Here’s Why Snap Stock Skyrocketed 20% Today After Q1 Smash

  • Snap stock has soared by double-digits after better-than-expected first-quarter earnings results.
  • The company performed well during the coronavirus crisis as mass quarantines boosted demand for mobile entertainment.
  • Can the social media company hold off rivals like Tik Tok and Facebook?

Snap (NYSE: SNAP) investors are laughing all the way to the bank as better-than-expected first-quarter earnings send the stock flying by over 20% in after-hours trading on Tuesday. The long-suffering social media company now boasts a market cap of over $20 billion as user growth continues to surge.

But is all the optimism justified? Snap has a very high top-line valuation coupled with low-profit margins. The company also lacks a competitive moat and faces significant competition from rivals like Tik Tok and Facebook which offer similar platforms. Over time, the stock will probably give back most of its gains.

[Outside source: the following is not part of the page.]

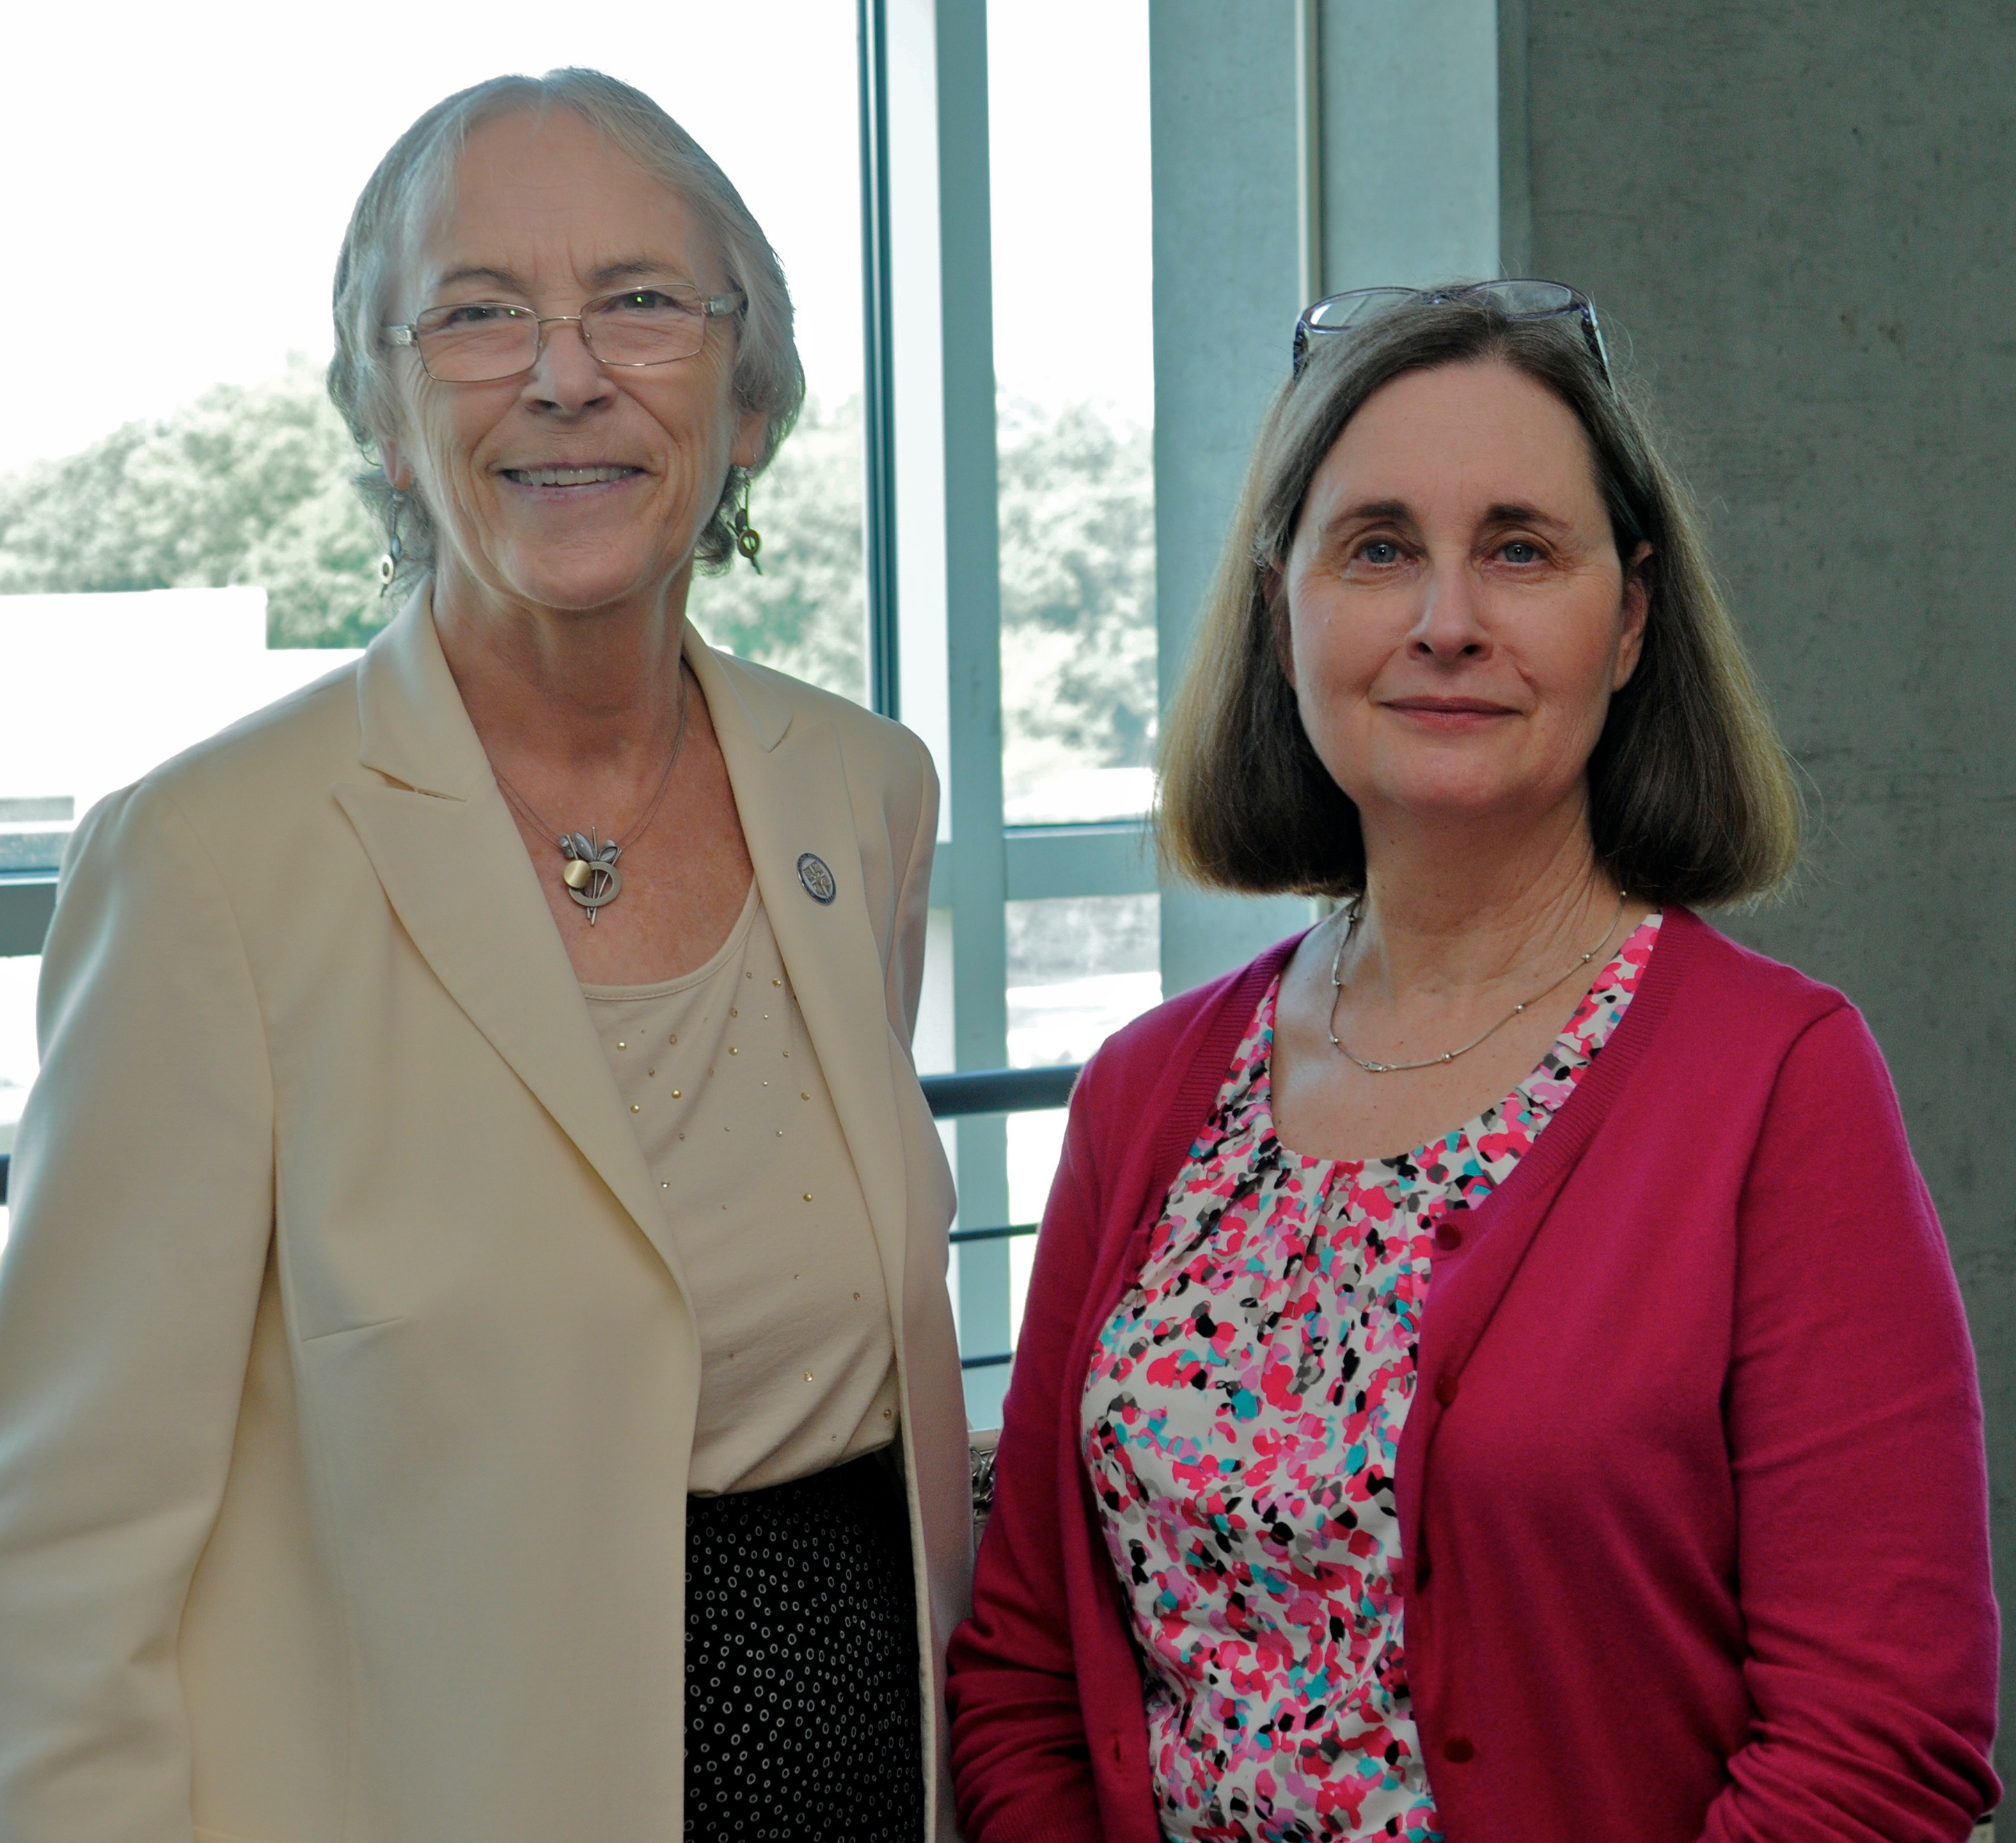 photo of ODU provost Carol Simpson with Virginia o'Herron at the later's retirement party

Snap Has Been a Disappointing IPO

Snap has disappointed investors since its much-anticipated IPO in March 2017. The stock started trading at $17 per share before reaching an all-time high of $29.44 before falling below its original listing price to end up at $12.44 at the close of trading on Tuesday.

Snap has always enjoyed a very language valuation as evidenced by its $20 billion market cap. Data by ycharts.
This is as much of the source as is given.